On Mon, 9 Sep 2019 19:44:10 +0900
Fujii Masao <masao.fu...@gmail.com> wrote:

> On Sat, Sep 7, 2019 at 12:06 AM Jehan-Guillaume de Rorthais
> <j...@dalibo.com> wrote:
> >
> > On Wed, 4 Sep 2019 00:32:03 +0900
> > Fujii Masao <masao.fu...@gmail.com> wrote:
> >  
[...]
> Thanks for updating the patch!

Thank you for your review!

Please find in attachment a new version of the patch.

  0001-v5-Add-facilities-to-fetch-real-timeline-from-SQL.patch

> Should we add regression tests for these functions? For example,
> what about using these functions to check the timeline switch case,
> in src/test/recovery/t/004_timeline_switch.pl?

Indeed, I added 6 tests to this file.

> [...] 

Thank you for all other suggestions. They all make sense for v4 of the patch.
However, I removed pg_current_wal_tl() and pg_last_wal_received_tl() to explore
a patch paying attention to your next comment.

> I'm just imaging that some users want to use pg_last_wal_receive_lsn() and
> pg_last_wal_receive_tli() together to, e.g., get the name of WAL file received
> last. But there can be a corner case where the return values of
> pg_last_wal_receive_lsn() and of pg_last_wal_receive_tli() are inconsistent.
> This can happen because those values are NOT gotten within single lock.
> That is, each function takes each lock to get each value.
> 
> So, to avoid that corner case and get consistent WAL file name,
> we might want to have the function that gets both LSN and
> timeline ID of the last received WAL record within single lock
> (i.e., just uses GetWalRcvWriteRecPtr()) and returns them.
> Thought?

You are right.

SO either I add some new functions or I overload the existing ones.
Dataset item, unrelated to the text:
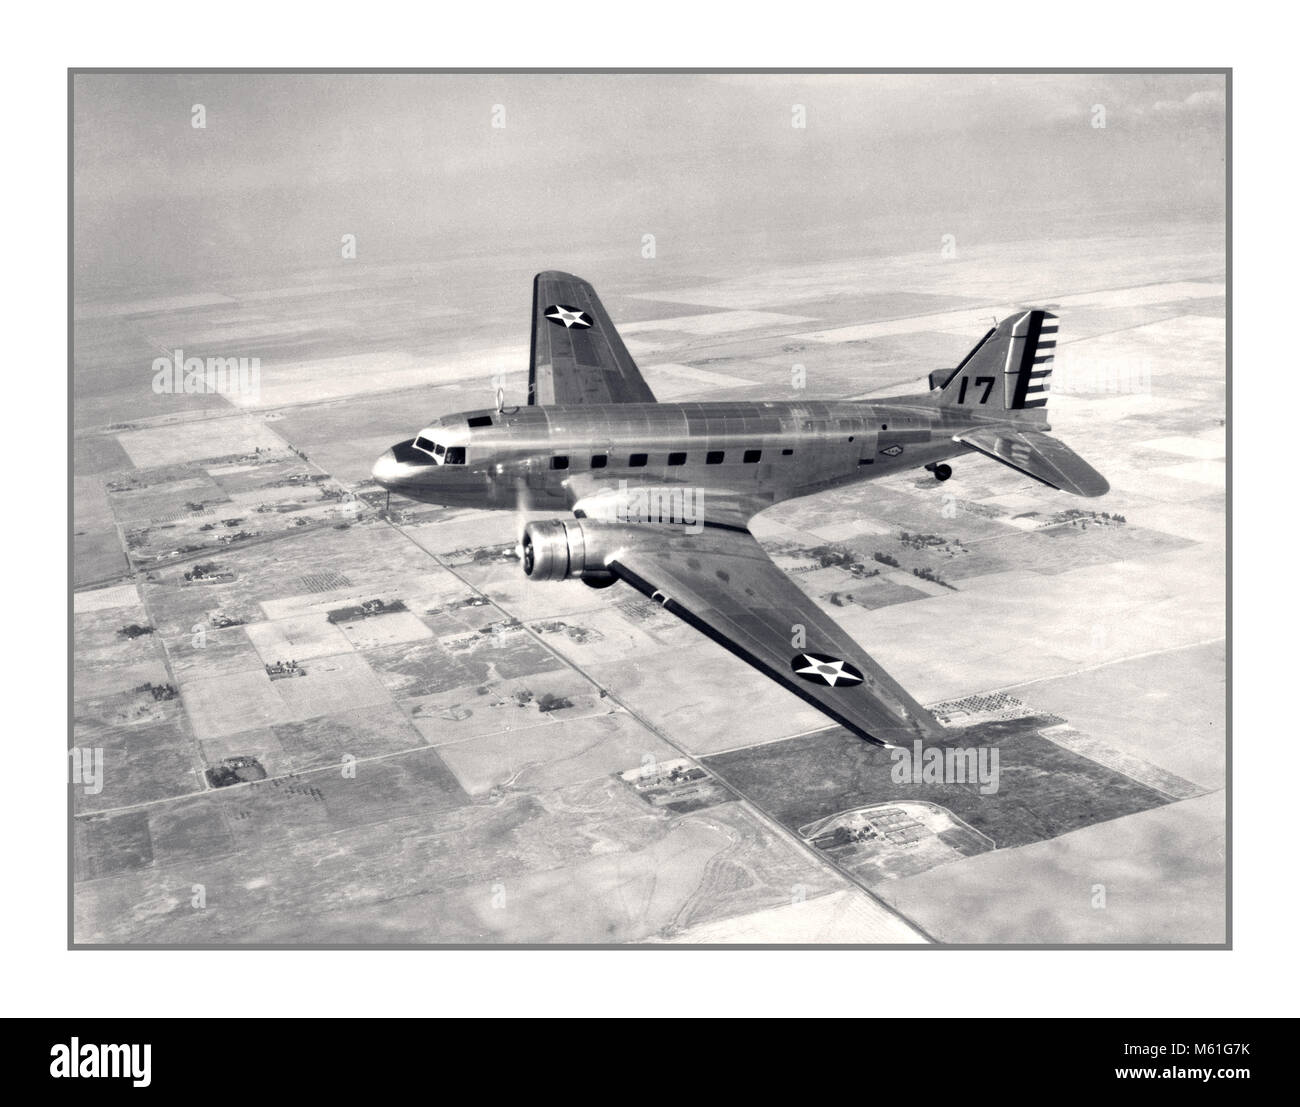 1940's Vintage WW2 immagine di un American USAF Douglas C39 velivoli da trasporto tipo, che è stato chiamato a svolgere molte rigorose funzioni di trasporto nella guerra mondiale 2, compreso l'urgente evacuazione del personale . Foto Stock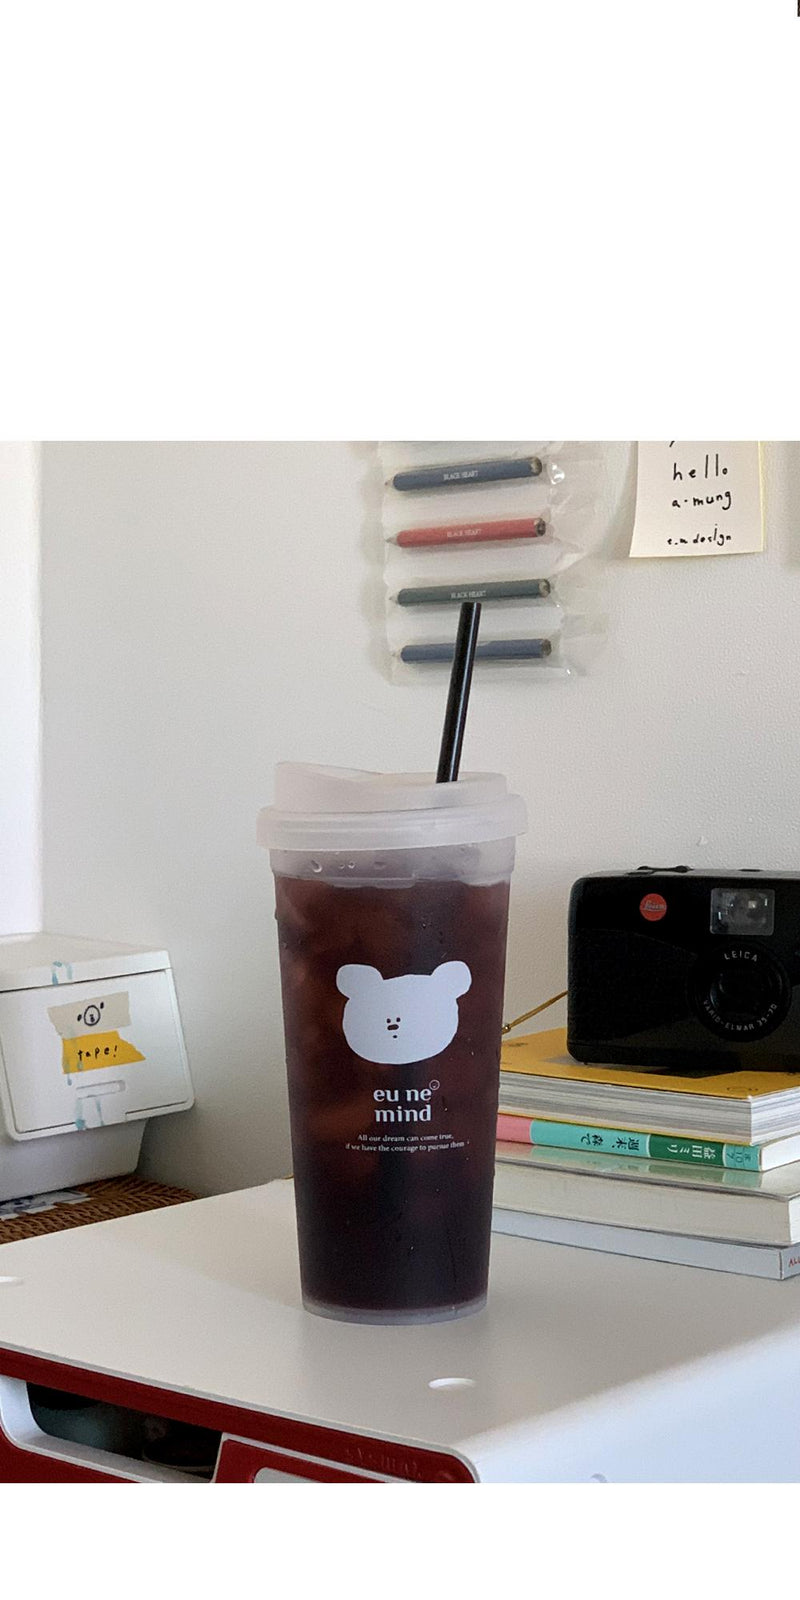 [HODU3"] agom reusable cup

I was not convinced to add two new functions very close to pg_current_wal_lsn
and pg_last_wal_receive_lsn but with a slightly different name (eg. suffixed
with _tli?).

I choose to overload pg_current_wal_lsn and pg_last_wal_receive_lsn with
pg_current_wal_lsn(with_tli bool) and pg_last_wal_receive_lsn(with_tli bool).

Both function returns the record (lsn pg_lsn,timeline int4). If with_tli is
NULL or false, the timeline field is NULL.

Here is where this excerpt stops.